In theory the pure aluminum Classic will induce vibration ringing compared to the Super Platter with damping on both end using acrylic. It’s an interesting point I like to share with everyone in this thread as you all help me so much.

When I first install the TerraCones on both the HRX motor drive and the HRX turntable footers, the touch point of the Rim belt was touching the top acrylic disc on the Super Platter. You can get away with 33 rpm but at 45 rpm you begin to hear a weezing spinning sound on the LPs. I think the acrylic is not perfectly uniform like the middle aluminum disc.

With the added adjustability of the brass cones underneath the TerraCones footers, I reposition the Super Platter where the Rim belt is touching the aluminum middle disc where its manufactured more evenly like the Classic platter. The weezing spinning noise disappeared like Houdini. The experiment suggests that always use the Rim drive on the aluminum disc of the Super Platter. If there is any minute noise, let the acrylic absorb it like the original design intention.

The TerraCones also enables me to perfectly level the Rim top plate with the Super Platter. To play with Rim driving the platter, it must be perfectly level on both spinning disc. My Clearaudio Bubble is centered perfectly on all surfaces of the turntable, Super Platter and Rim motor drive. The fine-tuning is necessary for best results.

Some of you may recall the esteem editor Myles Astor from his past Ultimate Audio magazine, recommends using Walker Audio damping discs on the HRX. I have four large Walker disc on the corners of the HRX Rim motor drive and two on each side of the tonearm base support on the HRX turntable. The fun is tweaking and hearing the improvement. Needless to say my Graham Supreme pivot tonearm is rock steady and doing the Graham magic. The Walker discs made perfect sound imaging and cleans things up. The Walker will eat up any spurious vibration.
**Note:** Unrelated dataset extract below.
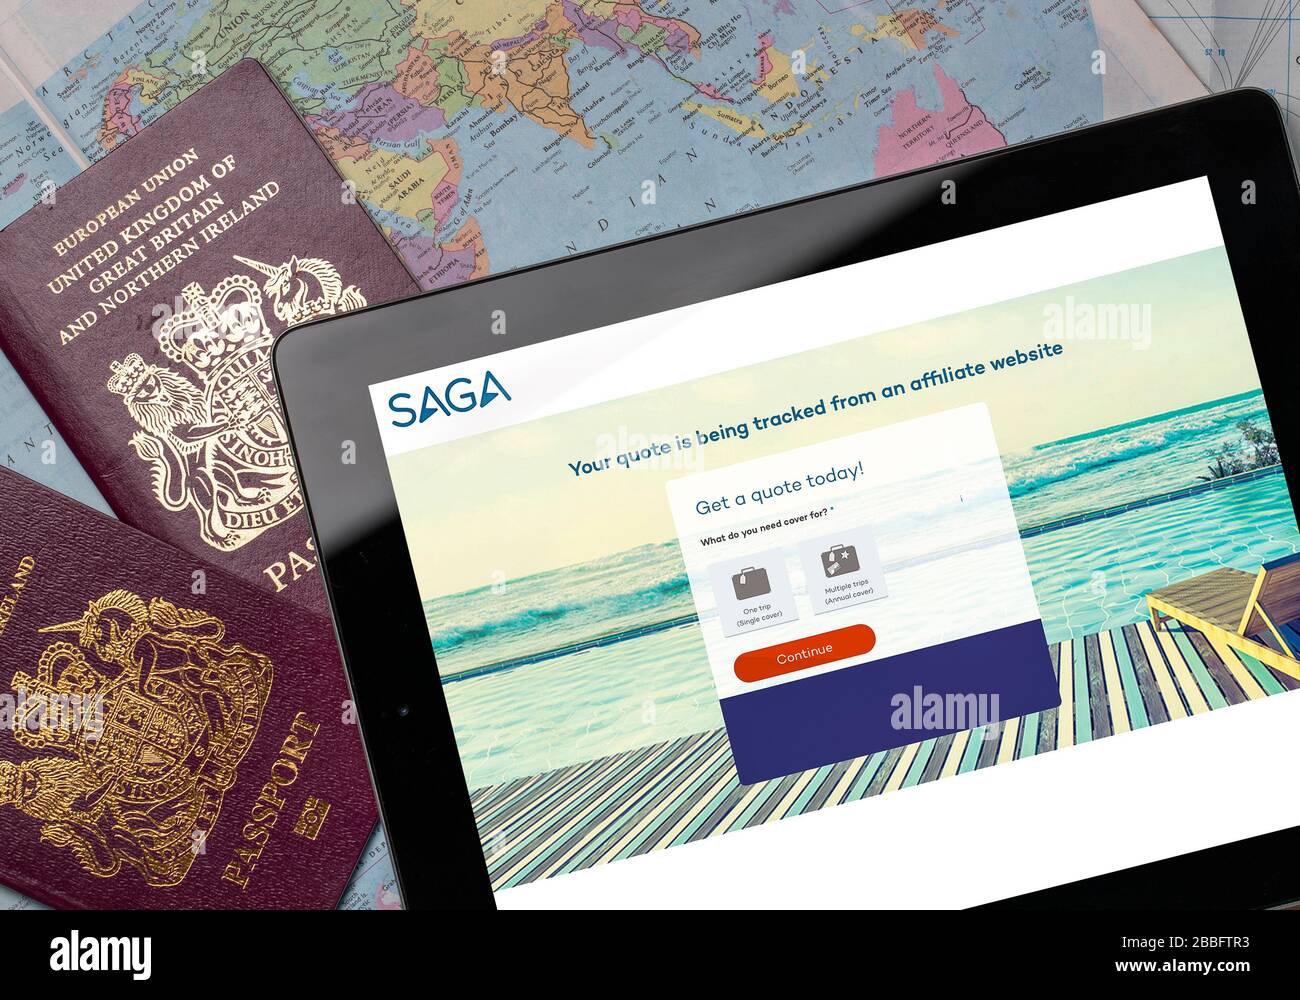 SAGA Travel insurance website on an iPad or tablet. (editorial use only) Stock Photo

I am still dreaming of a slightly larger heavier top plate on the Rim Flywheel to push the heavy turntable platter with better compatibility. I think VPI maybe doing something, but no announcement.

Thanks again.
it was a revelation when i sold the Superplatter and installed the Classic platter...much better in every way. The Superplatter sounds tubby, closed in, and restrictive compared to the Classic.